Quick answer: What is harness engineering?

Harness engineering is the design of the runtime layer around the model: tool interfaces, context assembly and compaction, sandboxed command execution, policy enforcement, observability, and failure recovery. In coding agents, this is what turns model intelligence into reliable, secure, repeatable work. The model proposes actions; the harness constrains, executes, and verifies them.

Subscribe for weekly operator-grade AI systems analysis:
https://www.turingpost.com/subscribe

Key concepts in this interview:

  • Agent harness (agent loop): the runtime layer that prompts the model, executes tool calls, and returns results.

  • Tool calling: how the model uses shell, web, and computer-use tools to take actions.

  • Security vs safety: harness security restricts what can run; model safety decides what should run.

  • Sandboxing: OS-level isolation and policy enforcement to protect user machines.

  • Model vs harness: model quality dominates outcomes, but harness reliability and sandboxing remain critical.

  • Agent-first workflow: AGENTS.md, better repo structure, and explicit conventions improve agent performance.

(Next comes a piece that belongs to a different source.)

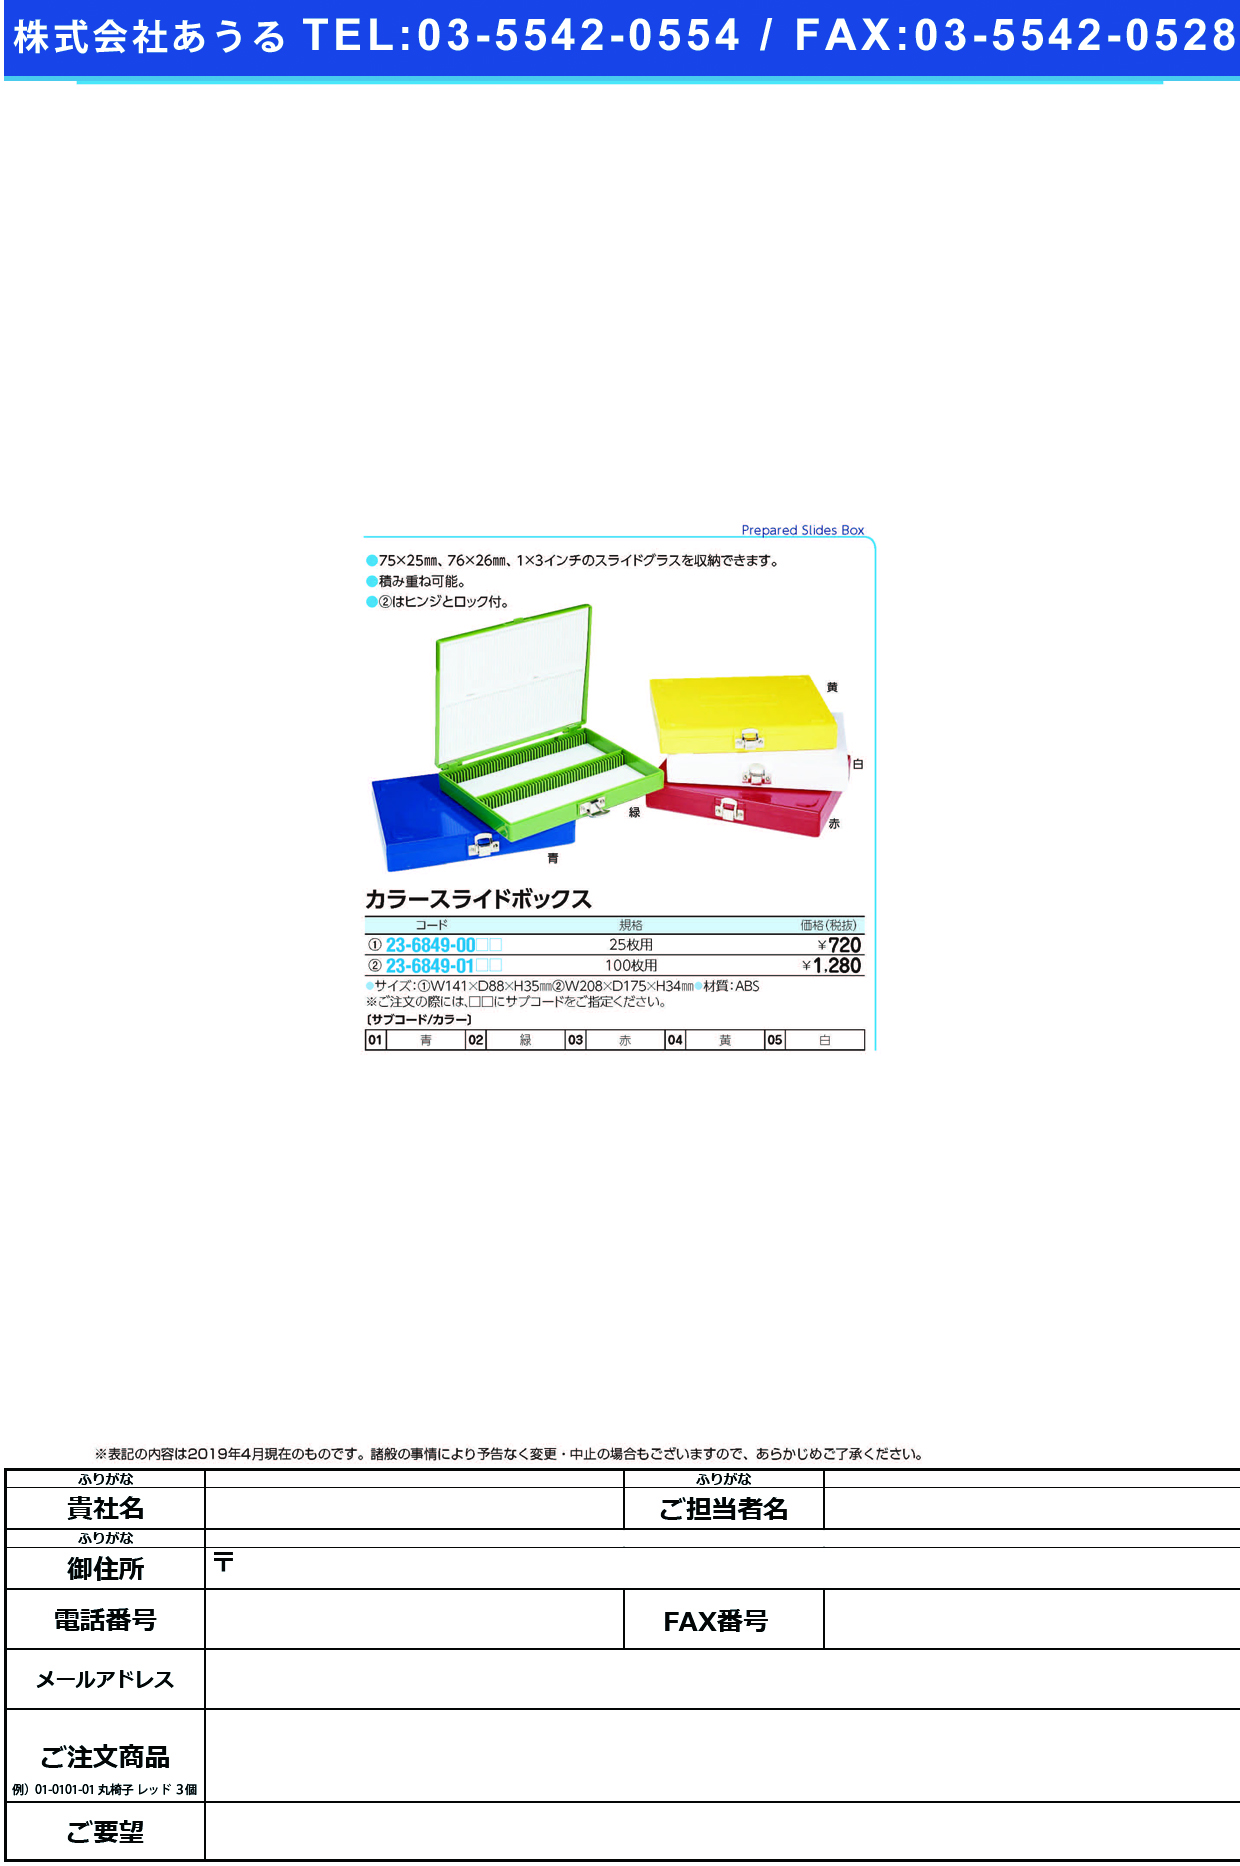 (23-6849-00)カラースライドボックス 25ﾏｲﾖｳ ｶﾗｰｽﾗｲﾄﾞﾎﾞｯｸｽ 緑【1個単位】【2019年カタログ商品】

  • Mission control UX: managing multiple parallel agent threads as a new developer interface..

Quick note: I’m in San Jose for NVIDIA GTC, and it’s absolutely huge this year. I’ve heard more than 30,000 people are expected, and tickets have already sold out. The good news is that you can still register online and watch the sessions remotely for free. There are more than 1,000 of them, so yes, you’ll have to choose.

The keynote is a must-watch, and there are plenty of sessions you really can’t miss:

And if you’re around, send me a note and let’s meet in person.

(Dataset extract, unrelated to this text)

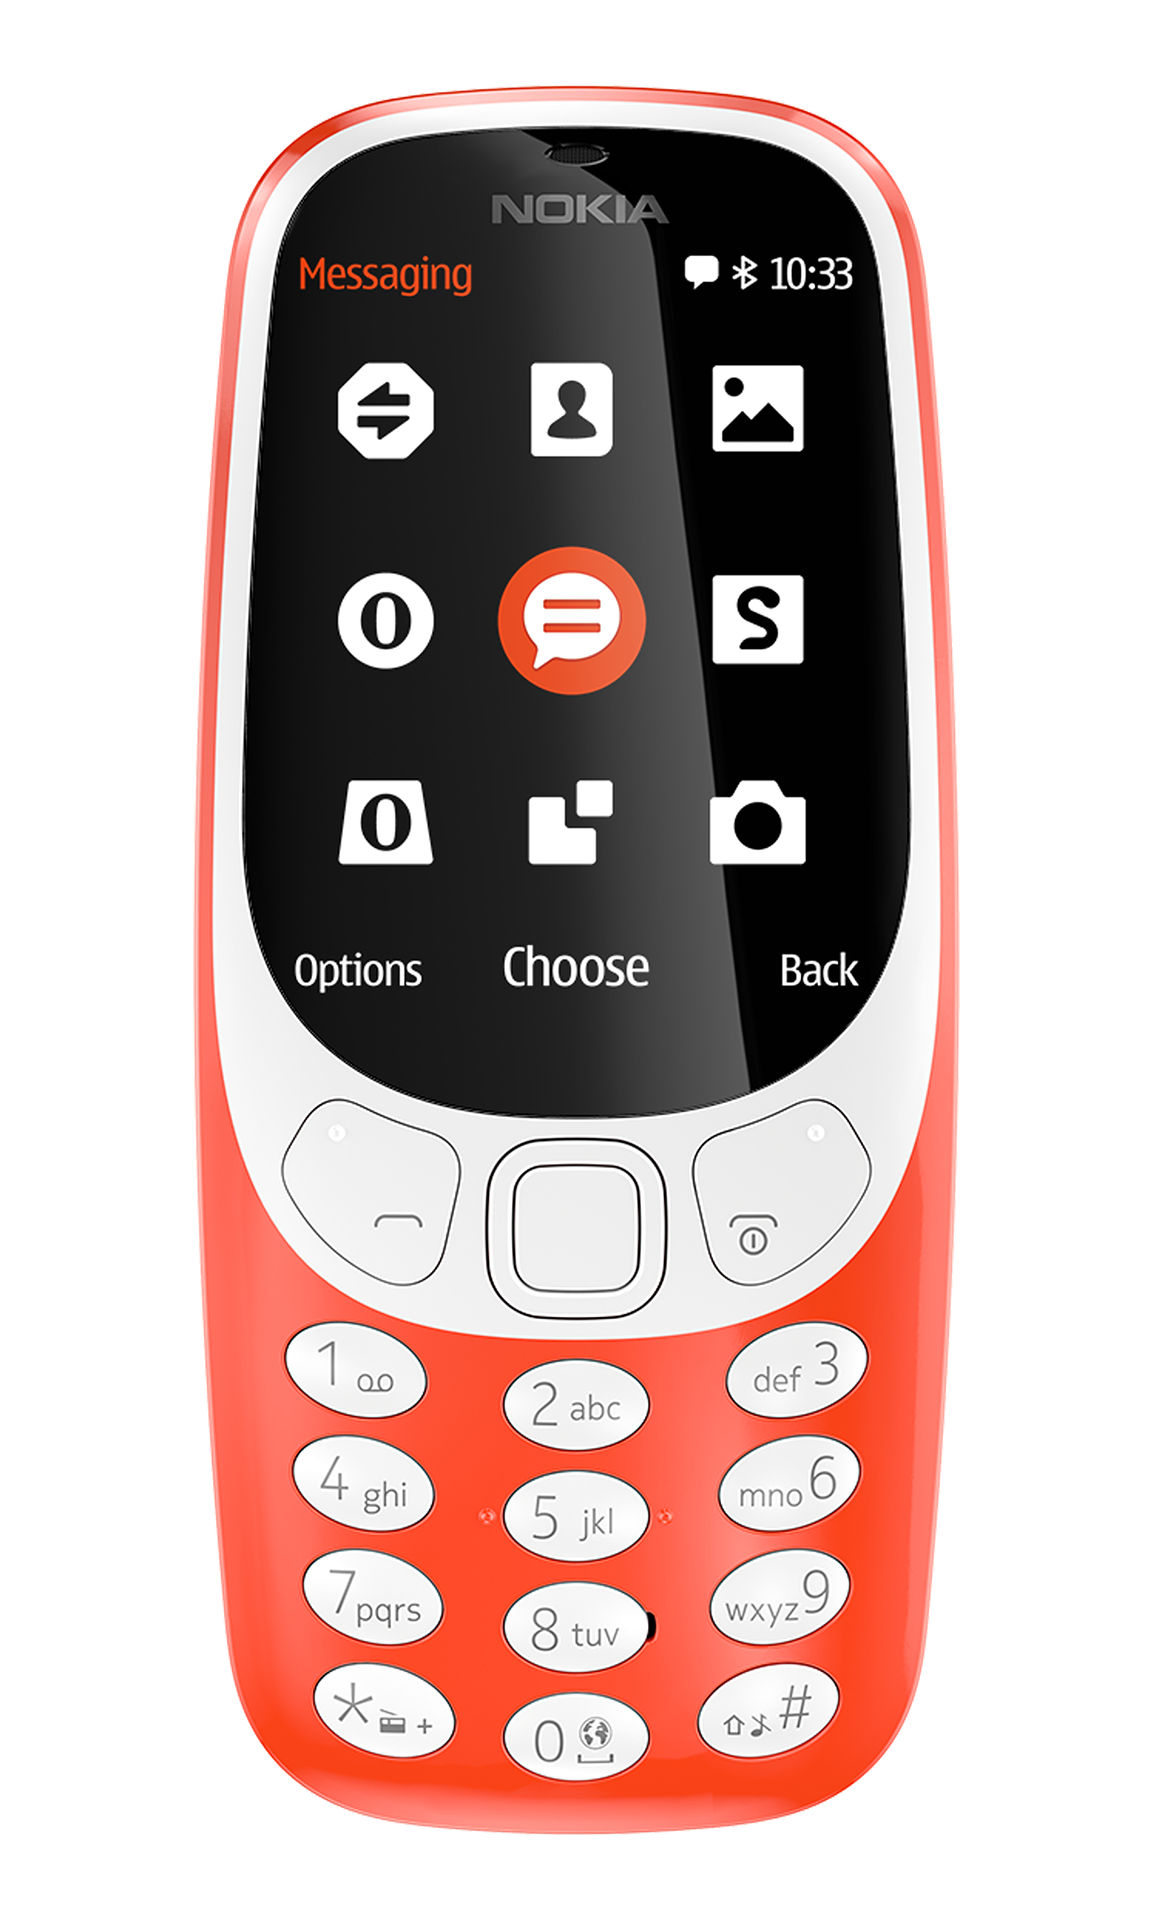 Nokia 3310 (2017) - Wikipedia

Now to our super interesting interview.

β€œGood developers are always looking to optimize their inner loop, but this is a new inner loop that everyone is still figuring out.”

I like this line from Michael Bolin, lead for open-source Codex at OpenAI. It captures a shift that is easy to miss if you only look at benchmarks and model releases. Before OpenAI, Bolin spent years building developer tools and infrastructure across Google and Meta, including work associated publicly with projects like Buck, Nuclide, and DotSlash, so he comes to this moment with a long view on how developer workflows actually change.

The popular narrative around AI coding tools is this: the model writes the code. But when you talk to the people building and using these systems every day, the story becomes more nuanced. The bottleneck is no longer just model capability. Increasingly, it is the environment around the model – the tools it can call, the constraints it operates under, the structure of the repository it navigates, and the feedback loops that let it improve. That emerging layer is often called harness engineering.

In our conversation, Michael walks through how this shift is playing out inside Codex: what the harness actually does, how coding agents are changing developer workflows, why repositories suddenly need to be more legible, and where the balance between model capability and harness design might ultimately land.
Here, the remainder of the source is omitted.